Klein is also developing two renewable energy projects near Broadview that combine solar and wind energy generation with battery storage. The development likely won’t come online until after 2022, when the two oldest units of Colstrip Power Plant go offline, freeing up power line transmission space. The most likely customers for the Broadview power are in the Pacific Northwest.
Meadowlark would be the sixth CREP project for NorthWestern since 2011. Most recently, the utility acquired Two Dot Wind, a 10 megawatt wind farm near its namesake central Montana town. The 2018 purchase marked NorthWestern's first project toward meeting state CREP requirements in five years.
The utility had requested waivers on the CREP requirement in order to avoid cash penalties. It was criticized by state regulators for not doing more to comply.
When it came to Meadowlark, NorthWestern worked to make the CREP happen, Klein said.

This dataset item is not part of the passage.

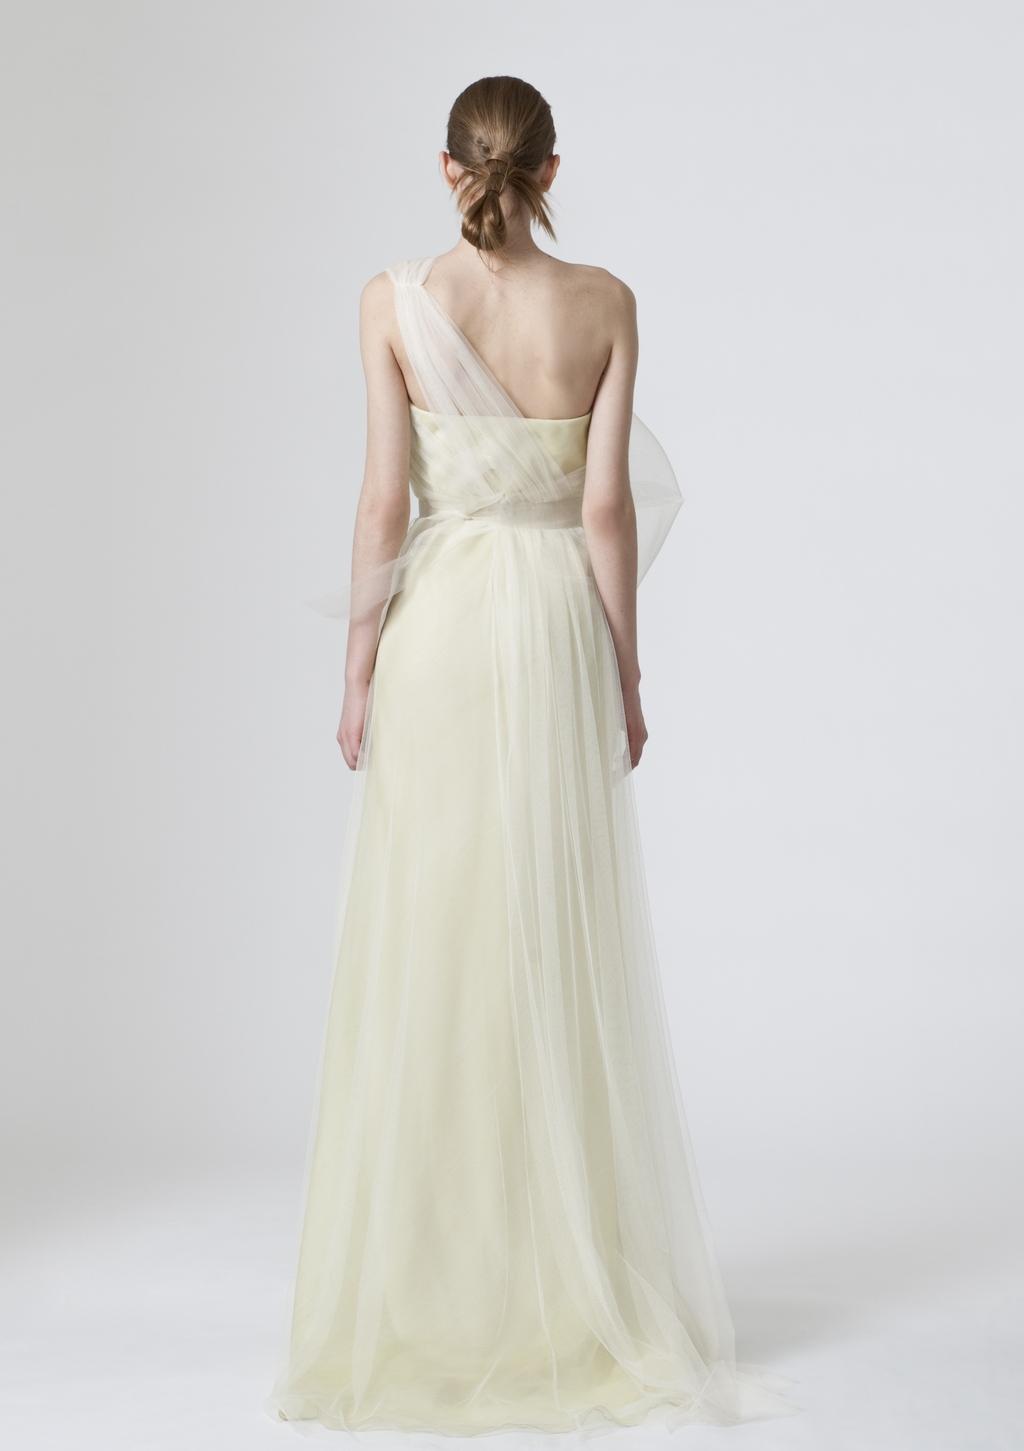 Vera-wang-wedding-dresses-spring-2010-4-back.full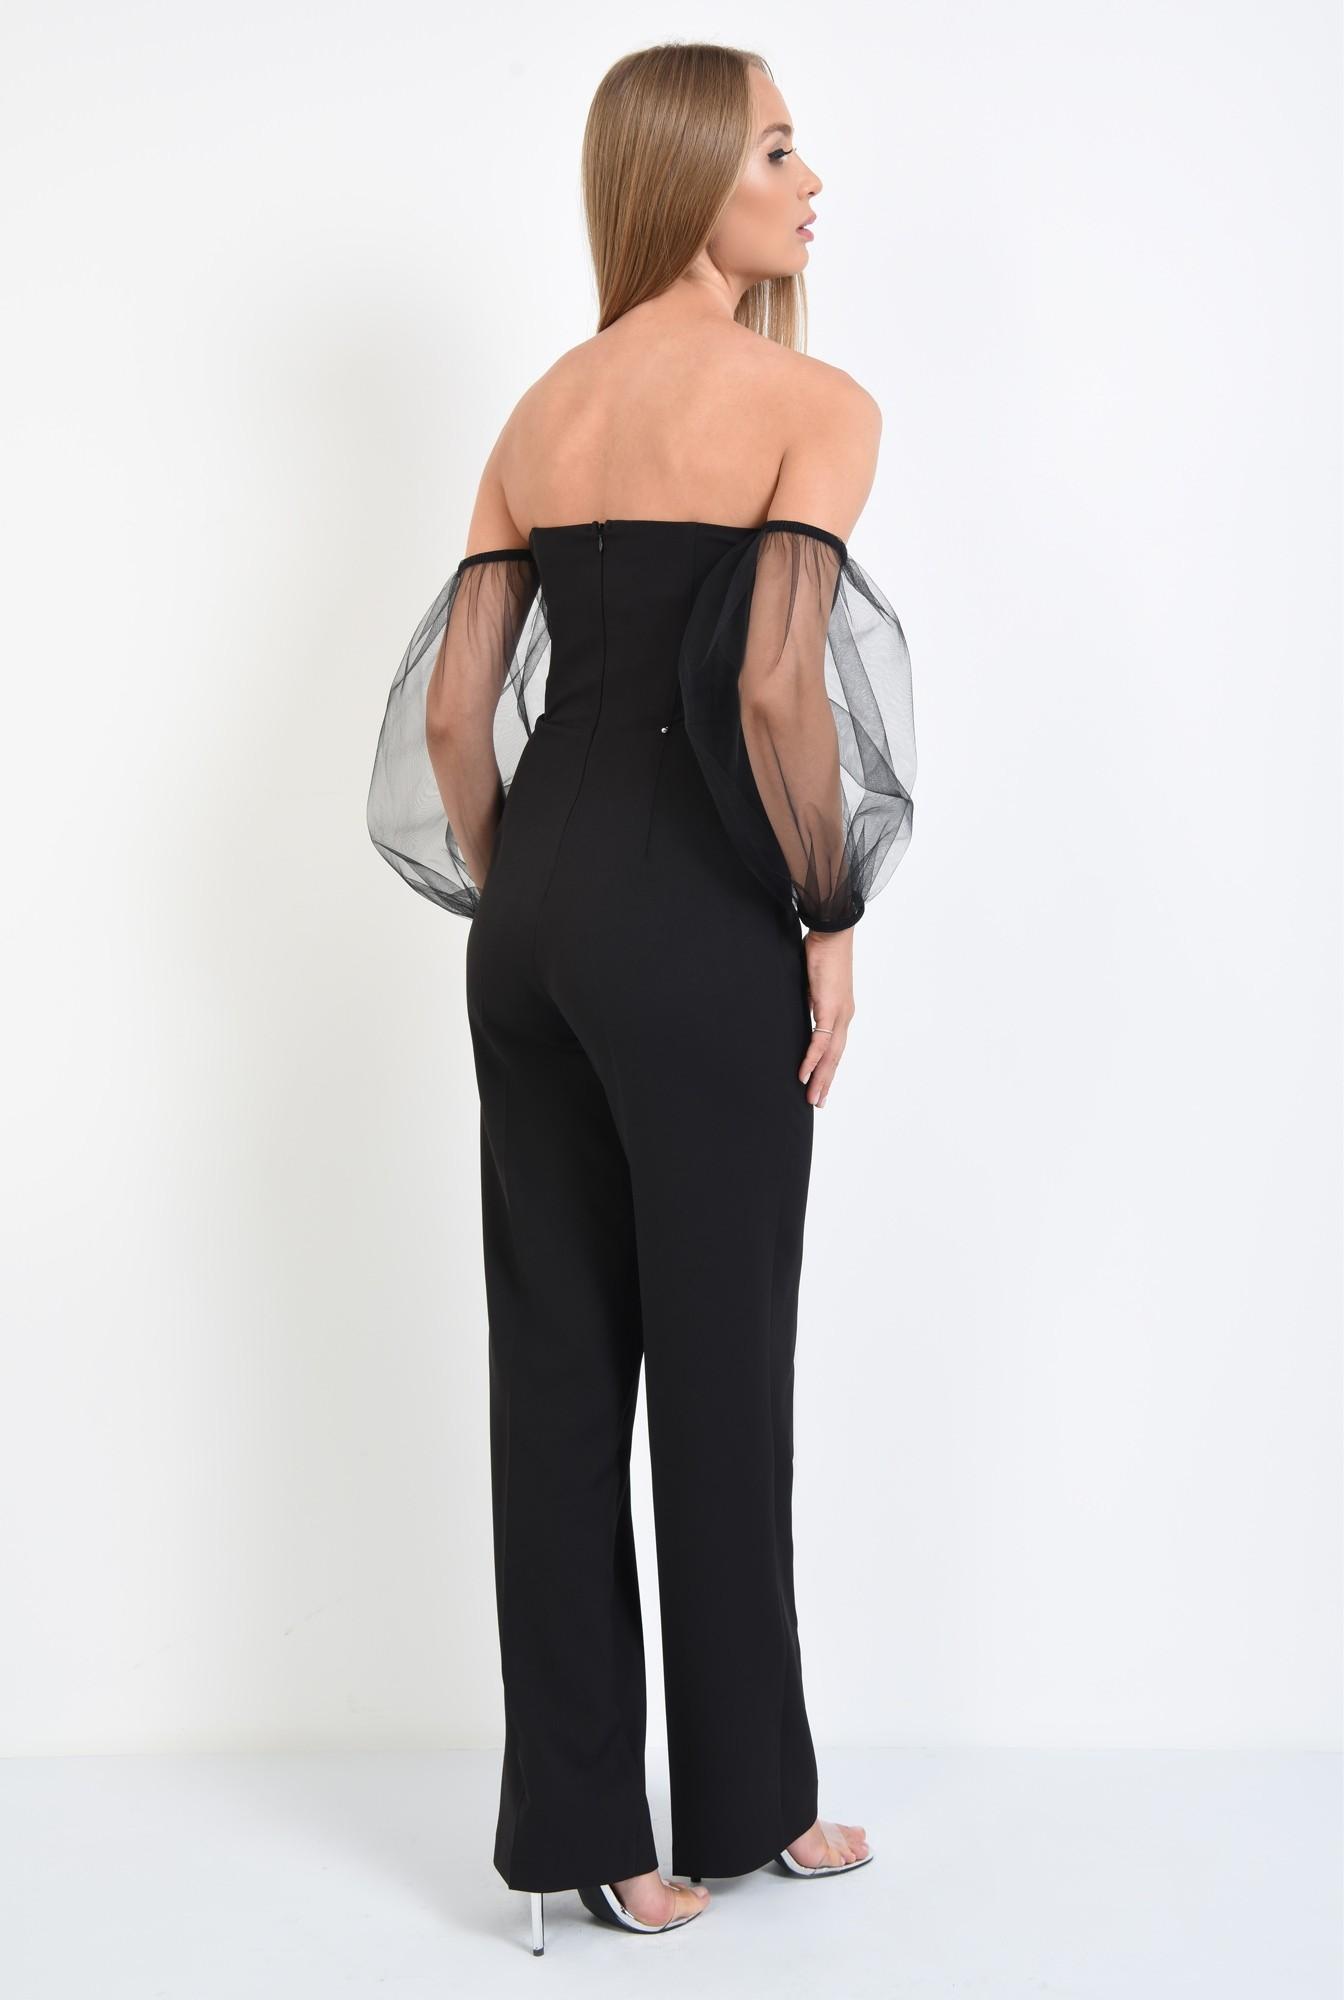 1 - salopeta eleganta, maneci tul, corset, centura decorativa

"NorthWestern really bent over backwards, in terms of facilitating and making Meadowlark work," Klein said. "I've got nothing to say but good things about NorthWestern, it was clear they wanted to do whatever they could possibly do to make this project a success."
October 2021 is the target date for bringing Meadowlark power online.
NorthWestern's other CREP projects are Gordon Butte Wind, Flint Creek Hydroelectric, Lower South Fork and Turnbull Hydro.